I pass a URL to an edit action , but can't get the selected value to show up. It just defaults to the first option in the list.

Example of an URL I pass is: example.php?action=edit&id=1&select=3

The piece of the code in the template is:


<p><b>Dropdown box</b><br>
<SELECT NAME="select" SIZE="1">
<option value="0">Choose type:</option>
<option value="1">option 1</option>
<option value="2">option 2</option>
<option value="3">option 3</option>
<option value="4">option 4</option>
</SELECT></p>


The php file itself doesn't have anything yet to determine which one should be the already selected value for the dropdown.

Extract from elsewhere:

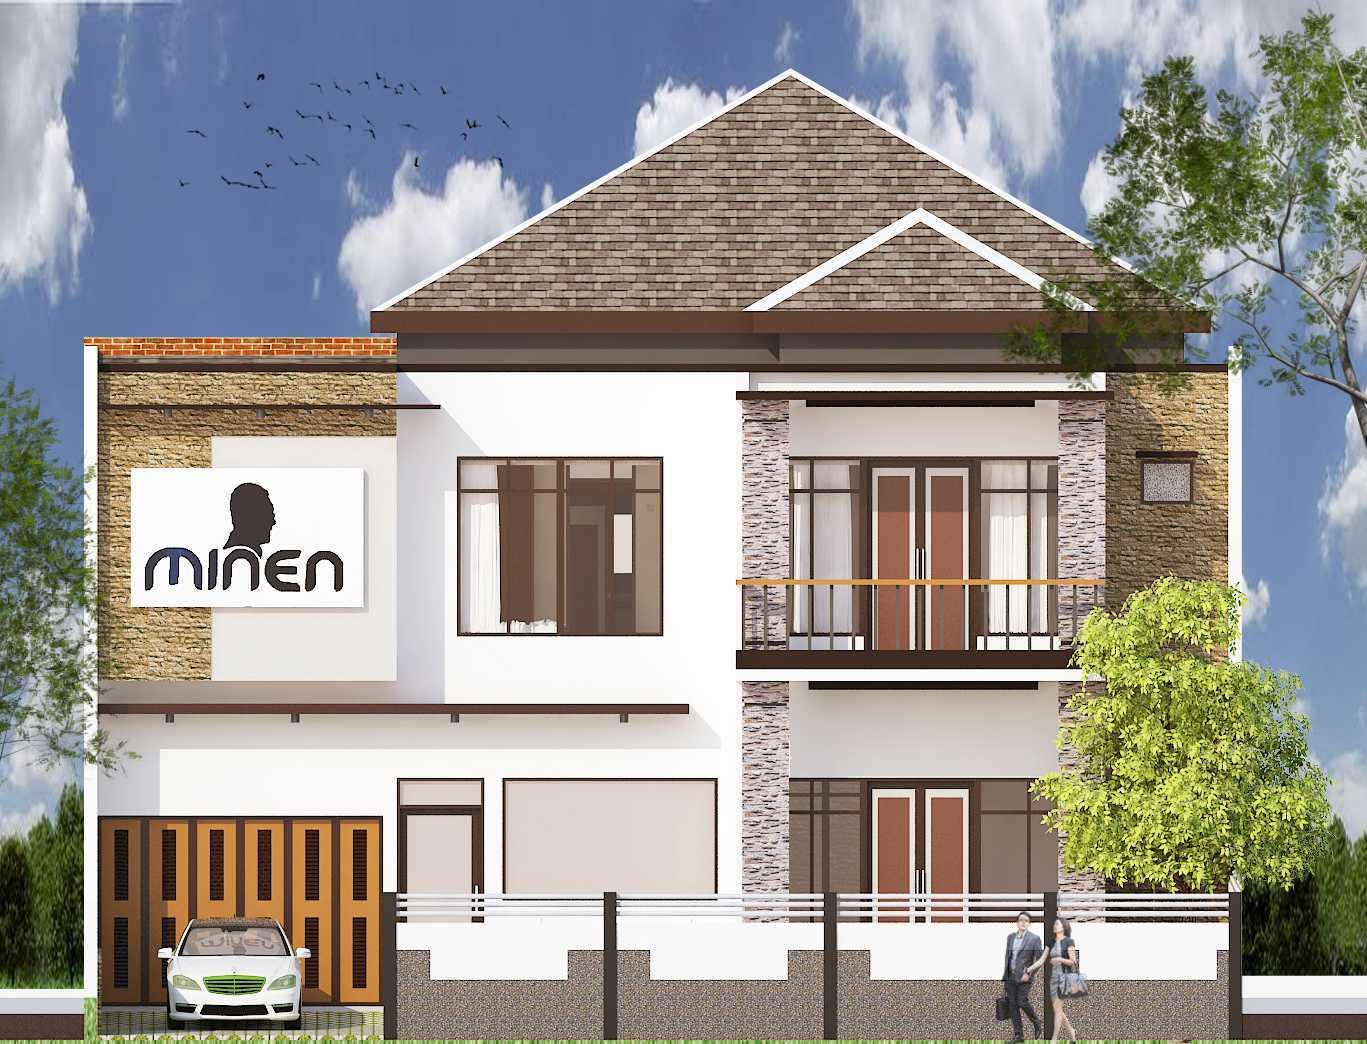 Archdesignbuild7 Rumah Tinggal 2 Lantai ( Minen )  Jl. Alfa Ii, Cigadung, Bandung Jl. Alfa Ii, Cigadung, Bandung Front View Minimalis 20145

I was thinking of something like this, but it returns a 'unexpected '}' error':


if ($select=='3') {
($sel3 == 'selected')
} else {
($sel3 == '')
}


in conjunction with this (which would be for all options, not just example 3):


<p><b>Dropdown box</b><br>
<SELECT NAME="select" SIZE="1">
<option value="0">Choose type:</option>
<option value="1">option 1</option>
<option value="2">option 2</option>
<option value="3" $sel3>option 3</option>
<option value="4">option 4</option>
</SELECT></p>



Is there something in place that I can use, or can anyone help me out or point me in the right direction?

Thanks in advance

nevermind, i got it now. The correct php was:


if ($select == '1') {
$sel1.=" SELECTED ";
}
if ($select == '2') {
$sel2.=" SELECTED ";
}
if ($select == '3') {
$sel3.=" SELECTED ";
}
if ($select == '4') {
$sel4.=" SELECTED ";
}

And the just use $sel1 etc in the template, where 'selected' is supposed to show up.